____ Source information
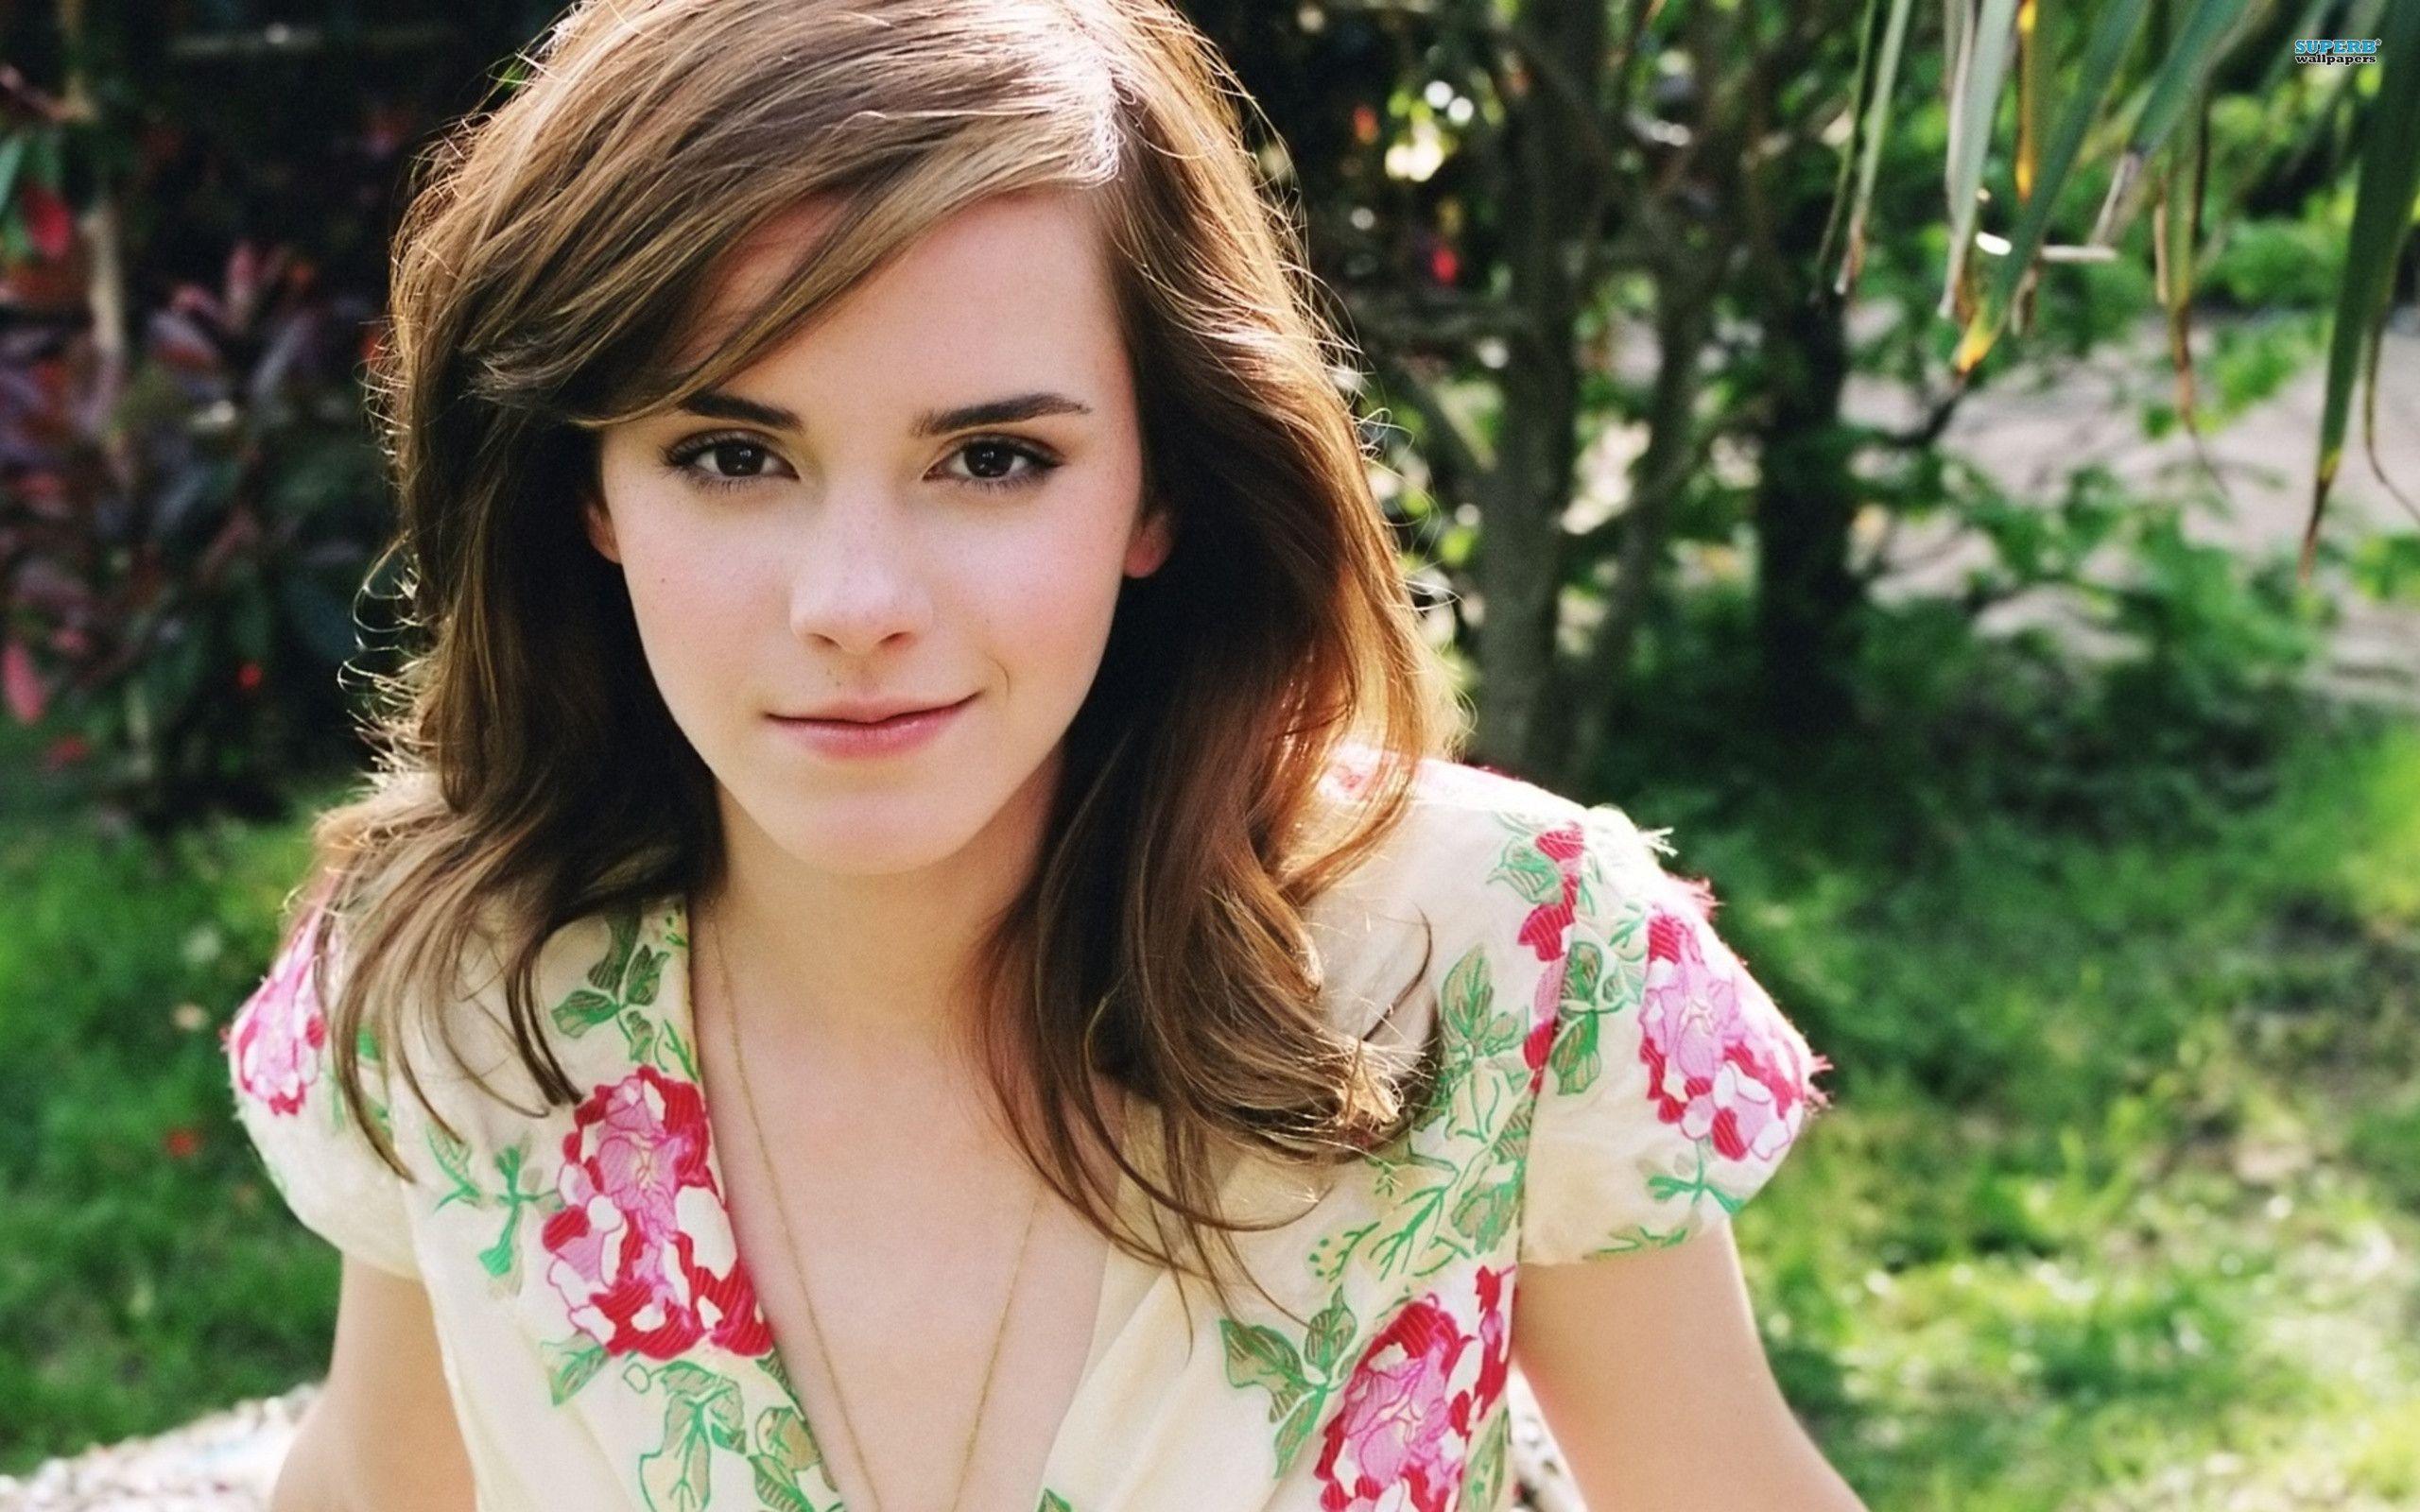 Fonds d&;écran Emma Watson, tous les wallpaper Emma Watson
________
____ Source information
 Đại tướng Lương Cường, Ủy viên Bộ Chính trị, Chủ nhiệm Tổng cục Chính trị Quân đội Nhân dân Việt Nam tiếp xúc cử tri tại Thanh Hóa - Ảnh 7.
________
____ Source information
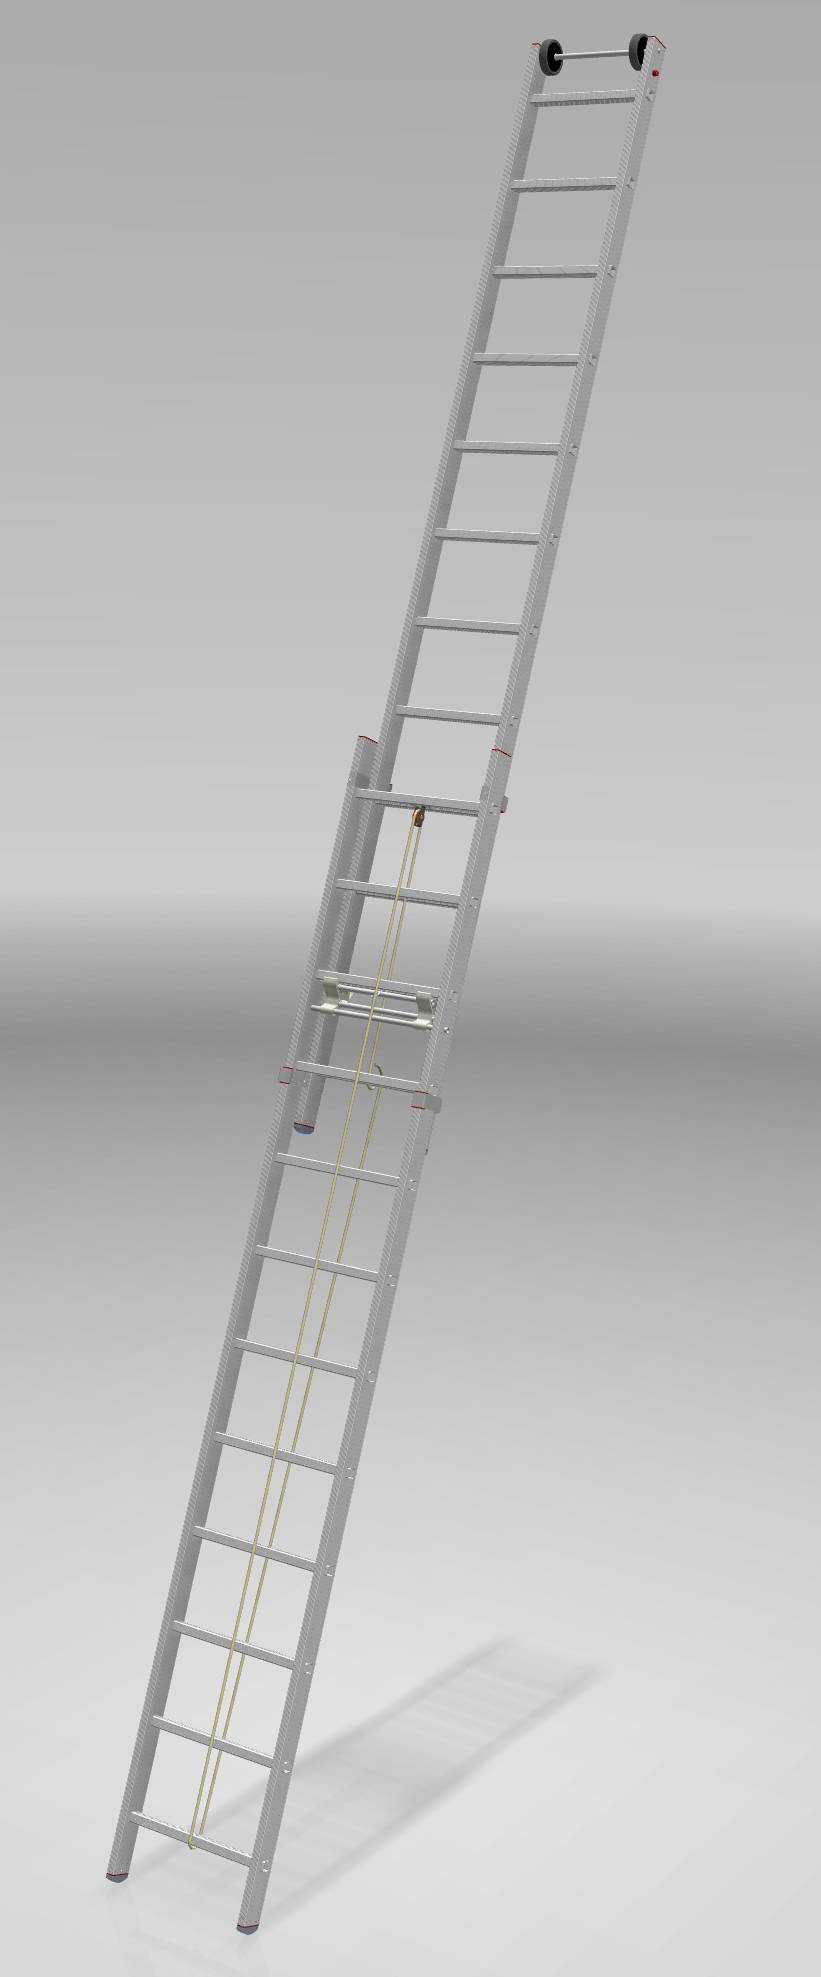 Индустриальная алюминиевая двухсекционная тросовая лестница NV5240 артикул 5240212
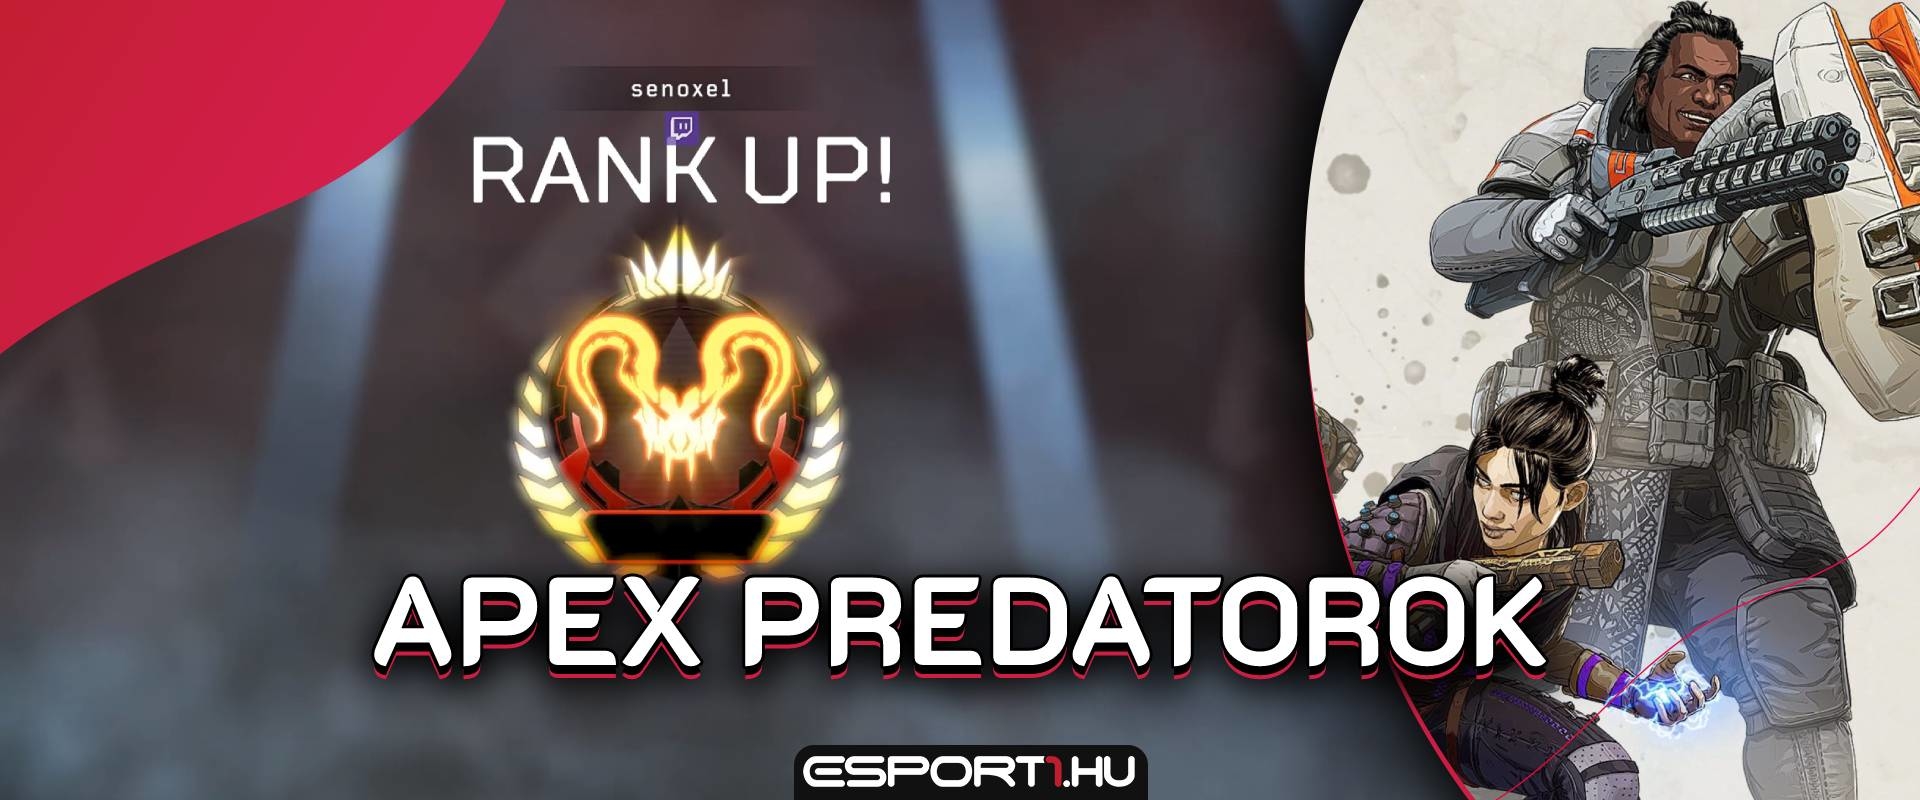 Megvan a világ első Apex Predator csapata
________
## Required work
Out of the records above, please copy exactly the lines from the line with "Индустриальная алюминиевая двухсекционная" up to and including the line with "Megvan a világ első Apex Predator csapata", minus the pictures.

## Result for this exercise
 Индустриальная алюминиевая двухсекционная тросовая лестница NV5240 артикул 5240212
 Megvan a világ első Apex Predator csapata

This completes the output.